One of the early church reformers was John Calvin, he was born in France in 1509. He was a deep spiritual man and he did advocate for Protestantism, it was referred to Calvinism. His advocacy was based on the role of the church and individual in their daily life and their relation to God as well. He believed that he had received a commission from God to restore the church’s purity that led him to brake from the Catholic Church in 1533. Some of his distinct features are still being discarded by the current protestant; Calvinism did shape the early protestant church beliefs (Barth, pg. 6). This essay will briefly discuss the ideas of Calvin on the subject of faith and grace. The ideas did circulate in several dominations and were influential as well.

In the past centuries faith was associated with the specific knowledge or set of beliefs, but recently the view if faith has changed. Faith is now referred to as the act of believing, but not what is believed, faith is an object. Currently the object of faith is rarely specified when it is being mentioned.  It can be love, fate, hope or even the unknown or sometimes God. Faith is not seen as a bible description of knowledge or trust in the individual or in the works of Jesus, but rather faith is seen as a general religious sentiment or subjective feelings of an individual (Berman, p. 10).

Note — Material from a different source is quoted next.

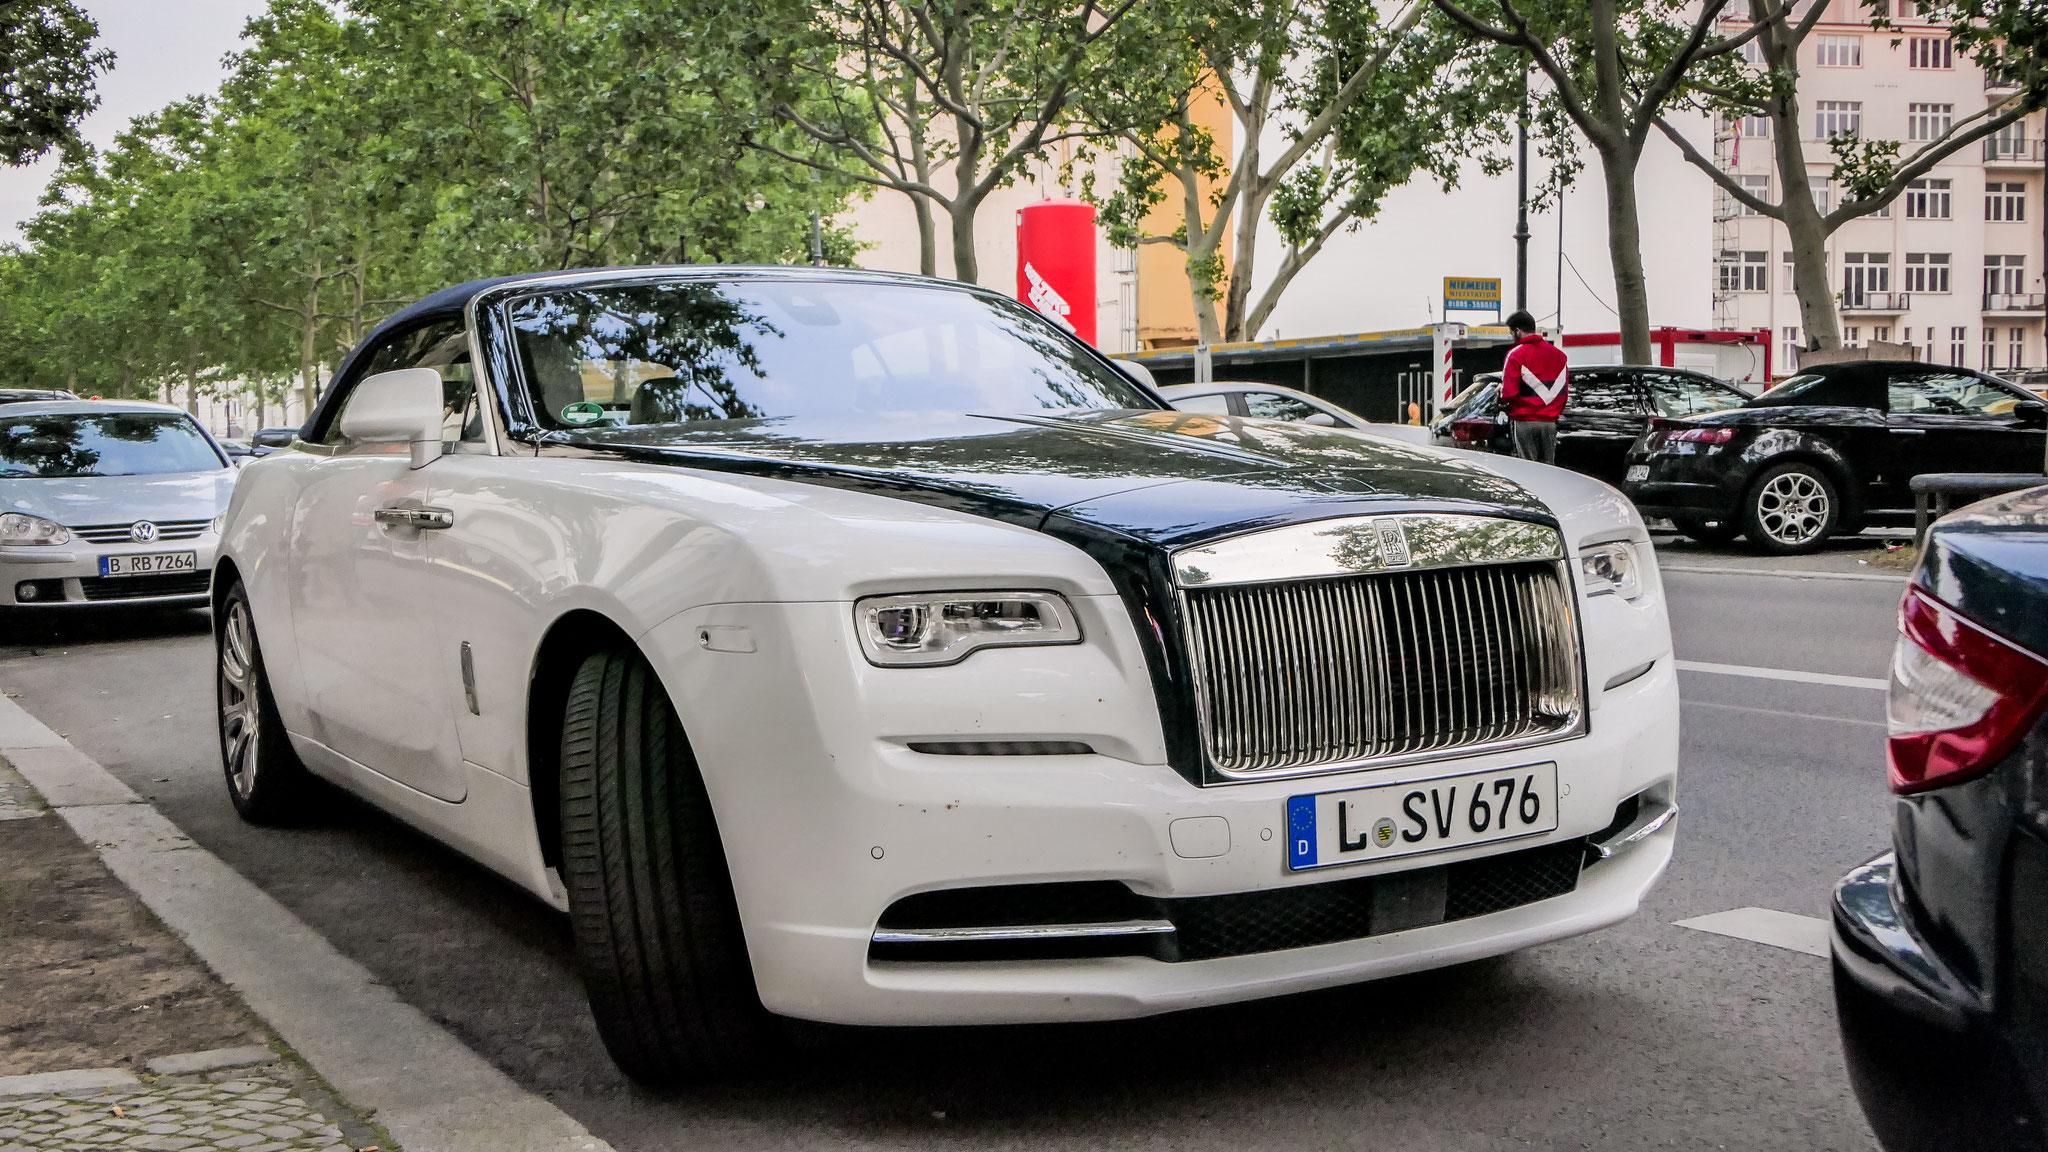 Rolls Royce Dawn - L-SV-676

According to Allen & Calvin (pg.48), Calvinism did define faith as a divine benevolence that is towards individuals; it is steady and is characterized by knowledge. This knowledge is tied upon the true promises of Christ that are revealed not only in our minds but also founded in the hearts of individuals by the Holy Spirit. To him Jesus Christ is seen as the object of faith. Calvin used concentric circles in defining faith: existence of God, God’s power and truthfulness, the will of God towards us, as it is in the scripture as well as Christ. He said that the entire circles do imply faith but only Christ is the object of faith. To him individuals that see God as a proper object of faith are souls that are mislead miserably by vain speculations without a focus on the proper mark. In Calvinism Christ is seen as a mediator of God and therefore he urges human to know God, and that Christ is not set against God. He does assert that Christ is the means and the only means that human can believe in God. To him the true knowledge of Christ is receiving him as he is offered by the Father according to the gospel.

Calvin does sees human beings being totally deprived through birth, after inheriting the effect and guilt of Adam’s original sins, to him the entire nature is a sort of sin-seed and man is corrupt before the eyes of God. As a result of the sin-seed all men do stand in the need of God’s grace. The dogma of predestination is one of the cornerstones in Calvin’s theology; it was basically on his own sovereignty, that God did pre-determine who will be saved and who will be lost before founding the world (Allen & Calvin). To him the death of Christ was efficacious to those who were to be saved. Christ is a minister an author and a prince of salvation as well; this mode of expression does not obscure divine grace and Christ’s merit is not opposed by God’s mercy but does depend on it.

Grace is seen as a foreign teaching in the scriptures, and anyone with elementary knowledge on the New Testament cannot accept Calvinism. In the book of Titus 2:11 informs us of the grace of God that has appeared to bring salvation to all men, since God loves the whole world (John 3:16), and therefore all men are to be saved (1 Timothy 2:4) and that no single human is to perish (2 Peter 3:9), Christ died for our sins forgiveness for all human race and not for the elect (1 John 2:2). God’s grace is generous and it is received by all human beings even sinners.

Apart from acknowledging that John Calvin did teach some truth, we should also be in a position to recognize that he did advocated for much error, and that these errors must be overlooked (Hodge).